Centre d'Economie et de Sociologie Rurales Appliquées à l'Agriculture et aux Espaces Ruraux - CESAER
Le Centre d'économie et de sociologie rurales appliquées à l'agriculture et aux espaces ruraux (CESAER), unité mixte de recherche entre l’Institut Agro Dijon et INRAE, rassemble 35 chercheurs et enseignants-chercheurs en économie, sociologie et géographie. Il explore les dynamiques des territoires ruraux et les transformations agricoles vers la durabilité. Il s’organise en deux pôles de recherche : « Dynamiques des territoires ruraux » et « Territoires d’alimentation et agricultures durables ». Le premier s’intéresse aux mutations socio-économiques des espaces ruraux, notamment les inégalités territoriales et les mobilités résidentielles, alors que le second étudie les systèmes alimentaires en transition, les pratiques agricoles et les politiques publiques favorisant l'agroécologie.

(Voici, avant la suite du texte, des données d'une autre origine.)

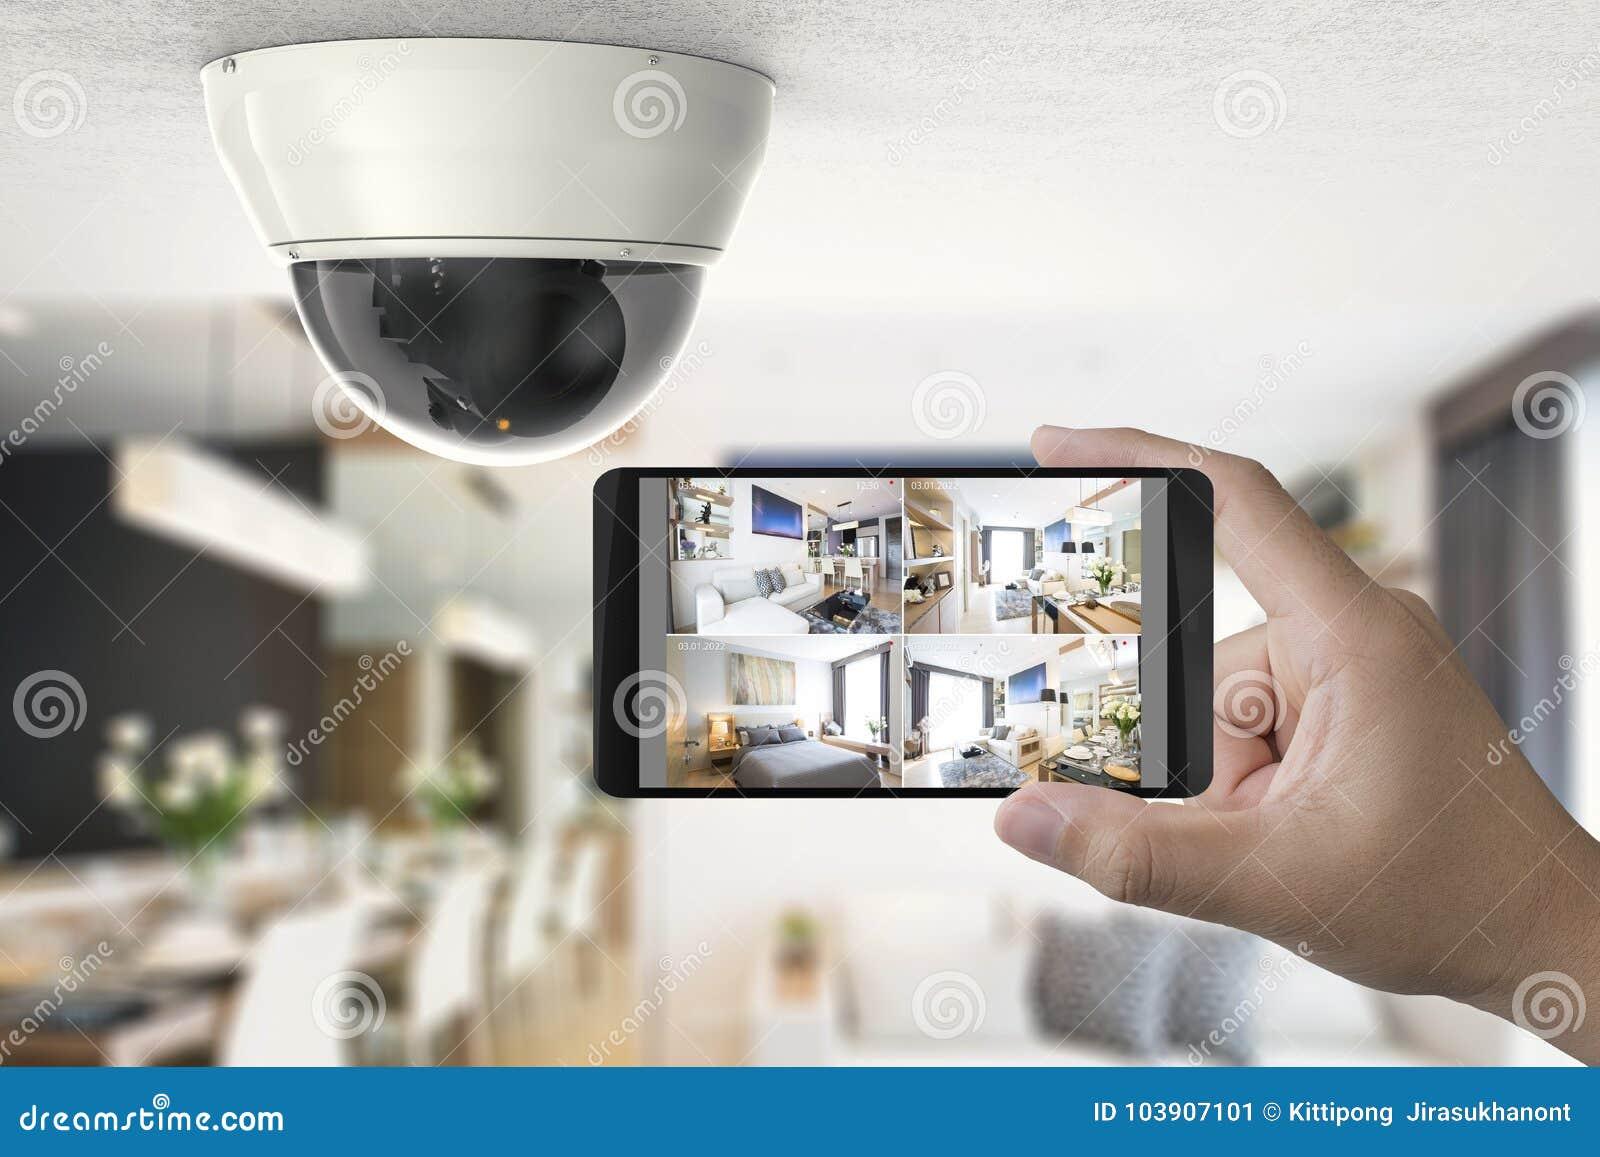 O móbil conecta com a câmara de segurança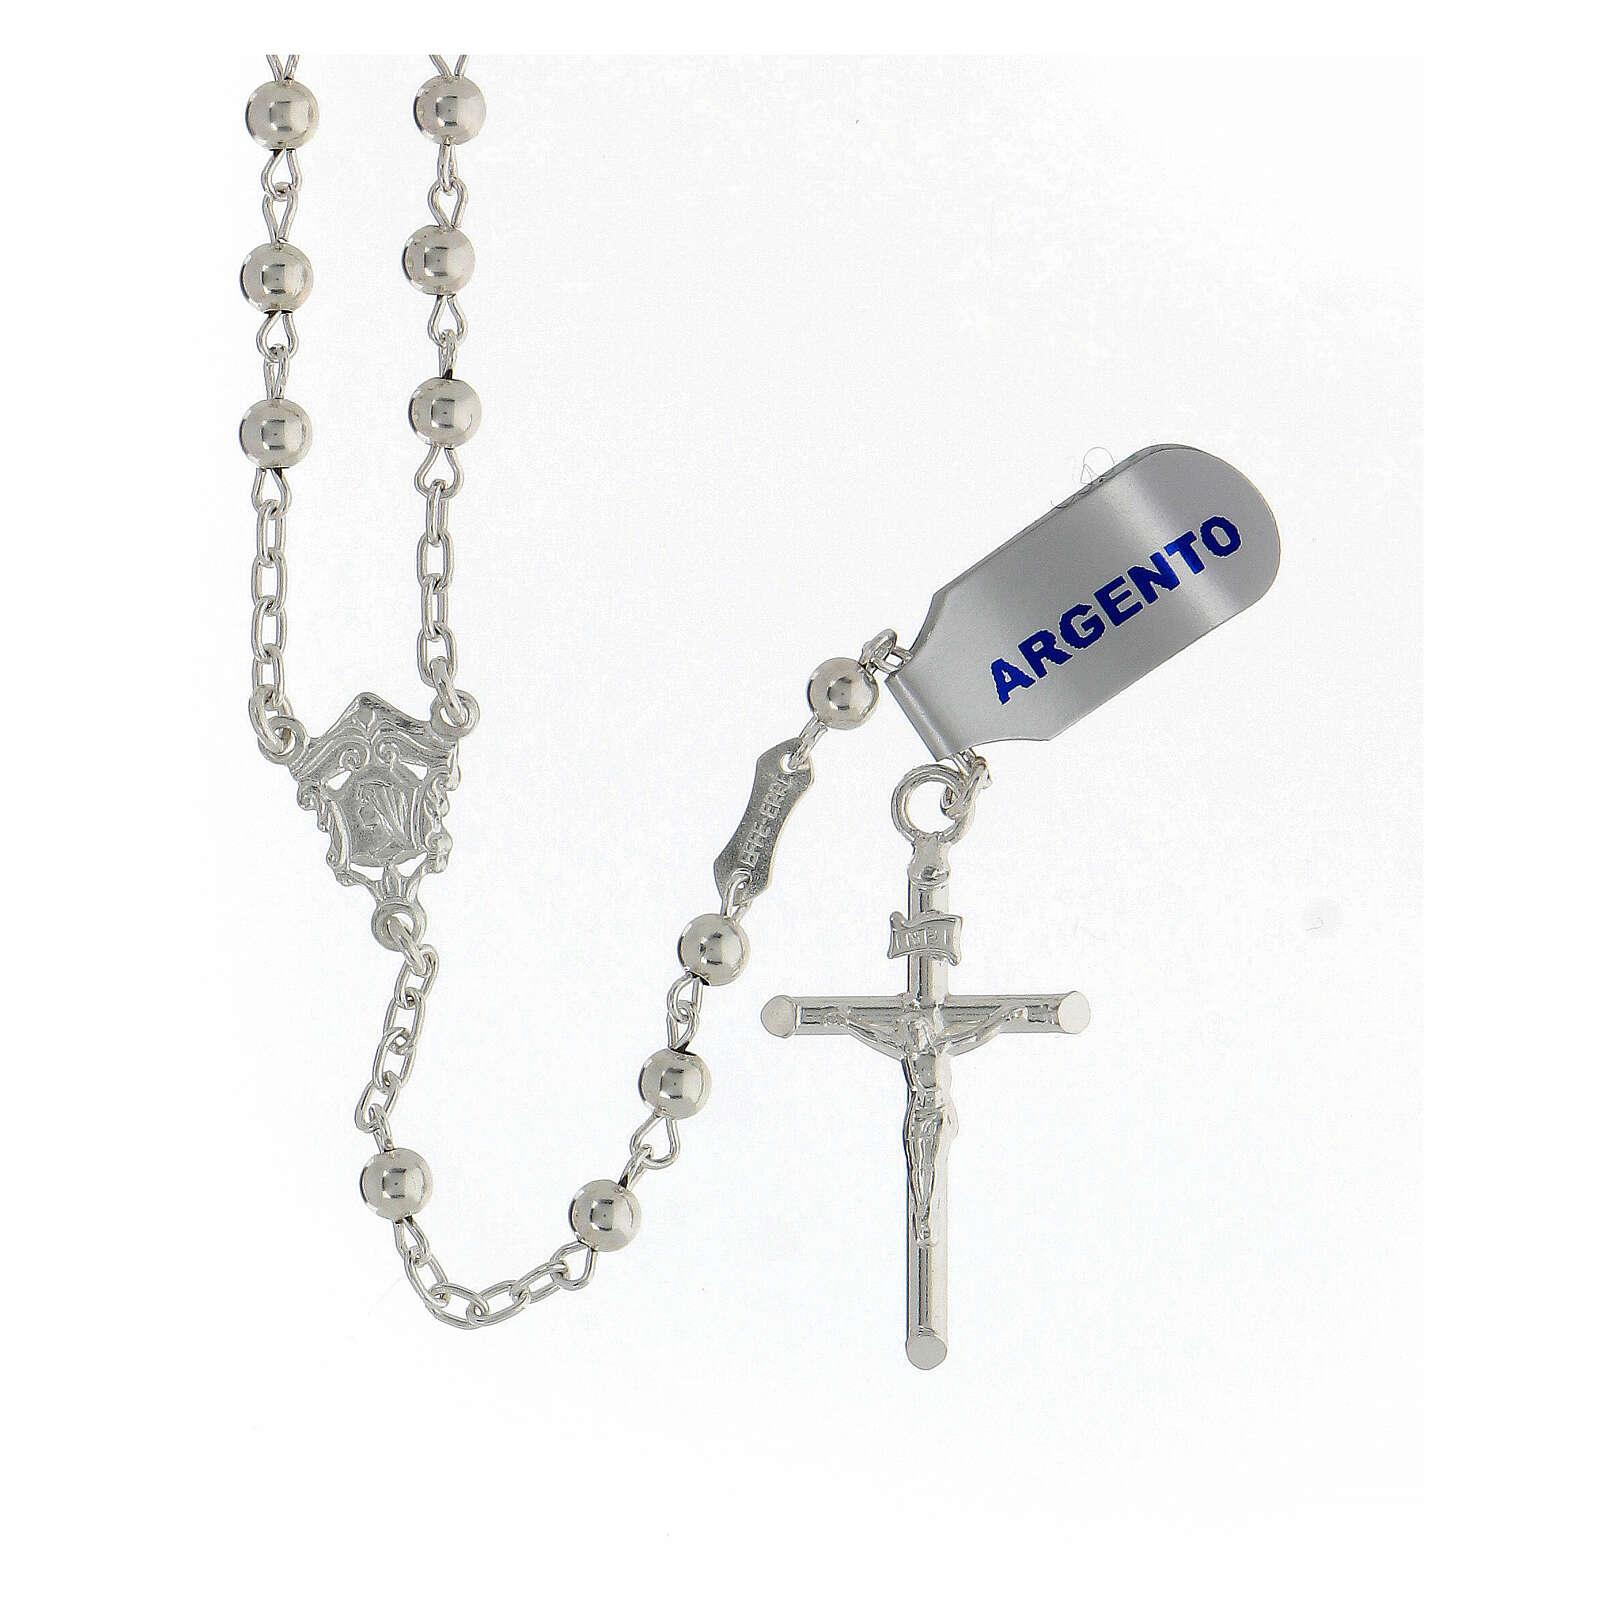 Chapelet argent 925 grains lisses croix tubulaire 11,2 gr 4

Escuela Interdisciplinaria de Altos Estudios Sociales - EIDAES
L’École interdisciplinaire d'études avancées en sciences sociales (EIDAES), est l’une des principales institutions de recherche en sciences sociales en Argentine et en Amérique latine. Rattachée à l'Université nationale de San Martín (UNSAM), elle rassemble plus de 200 chercheurs dans des disciplines variées, de la sociologie et l'anthropologie à l'histoire, la science politique et l'économie. Favorisant un dialogue interdisciplinaire et international, EIDAES défend une science sociale publique, collaborative et engagée dans les enjeux contemporains.
Centro Franco Argentino de Altos Estudios - CFAAE
Le Centre franco-argentin de hautes études en sciences sociales (CFAAE) promeut les échanges scientifiques franco-argentins dans les sciences humaines et sociales. Né d’un partenariat entre l’Ambassade de France en Argentine et l’UBA, avec l’École des Hautes Études en Sciences Sociales comme membre fondateur, le CFAAE développe des collaborations universitaires en Argentine ainsi qu’au-delà (Chili, Uruguay, Paraguay). Il organise des séminaires et conférences, et coopère avec l’Institut Français et l’Institut des Amériques.
LIA, qu’est-ce que c’est ?
Un Laboratoire International Associé (LIA) est un projet de recherche collaboratif « sans murs » et sans personnalité juridique, qui formalise pour une durée déterminée une coopération internationale autour d’un projet scientifique commun. La relation entre les laboratoires est définie par une convention, précisant les modalités de coopération et la propriété intellectuelle. Dirigé par des chercheurs de minimum deux pays différents, un LIA est soutenu par un comité scientifique et un comité de pilotage. Chaque laboratoire conserve son autonomie, son statut et sa localisation. Le label LIA offre une visibilité renforcée et la possibilité d’obtenir des financements spécifiques auprès des institutions partenaires et de programmes externes.